Fashion doll franchise

Ever After High is a fashion doll franchise released by Mattel in July 2013. It is a companion line to the Monster High dolls, with the characters being based upon characters from well-known fairy tales and fantasy stories instead of monsters and mythical creatures. As with Monster High and Barbie: Life in the Dreamhouse, the line varies in different countries and varies in languages. It has spawned a web series, a film, and five book series.

==Premise==
Ever After High is a boarding school located in the Fairy Tale World. It is attended by the teenage children of fairy tale characters.
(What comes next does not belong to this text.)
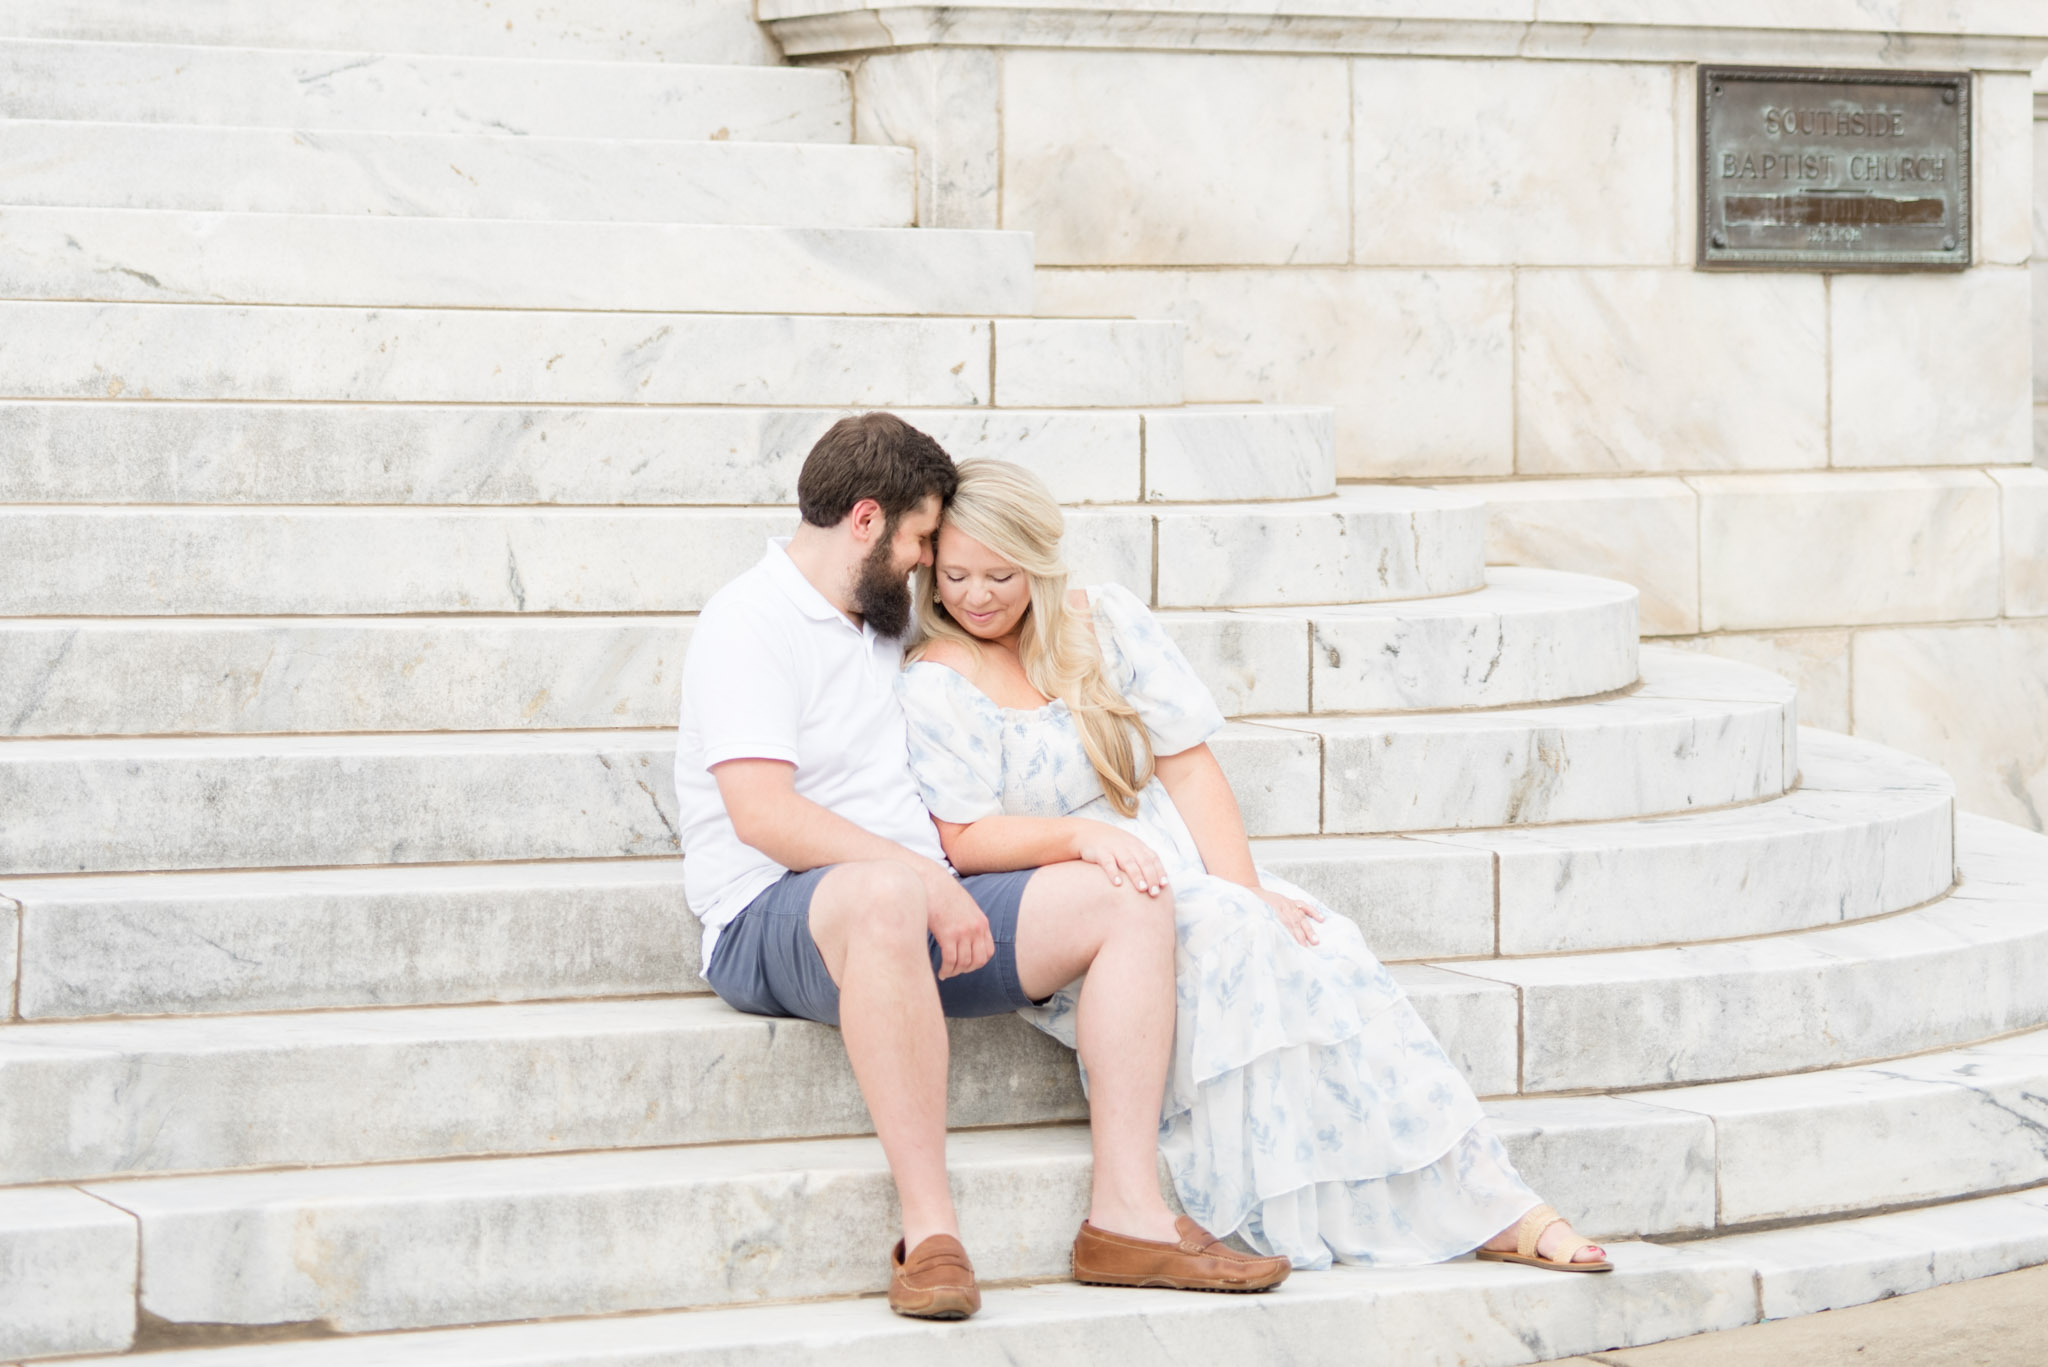 Husband and wife snuggle on marble stairs.

The main characters are Raven Queen, who does not want to be evil like her mother the Evil Queen, and Apple White, the daughter of Snow White who wishes to live "happily ever after". Raven prefers to be free to create her own destiny, while Apple, to protect her and others' own destiny, believes that Raven should become the next Evil Queen. The students are generally divided into two groups. The "Royals" are the students who side with Apple in embracing their destinies and following in their parents' footsteps. The "Rebels" are the students who side with Raven in wanting to create their own destinies. Many of the stories are about the students' regular interactions as teens, but there is an underlying story arc where, according to the school's headmaster, if the students do not follow their individual destinies, their stories will cease to exist and they will disappear forever.

==Characters==

Ever After High has a number of characters from its various media. The characters listed below are profiled at the franchise's website and most have featured dolls.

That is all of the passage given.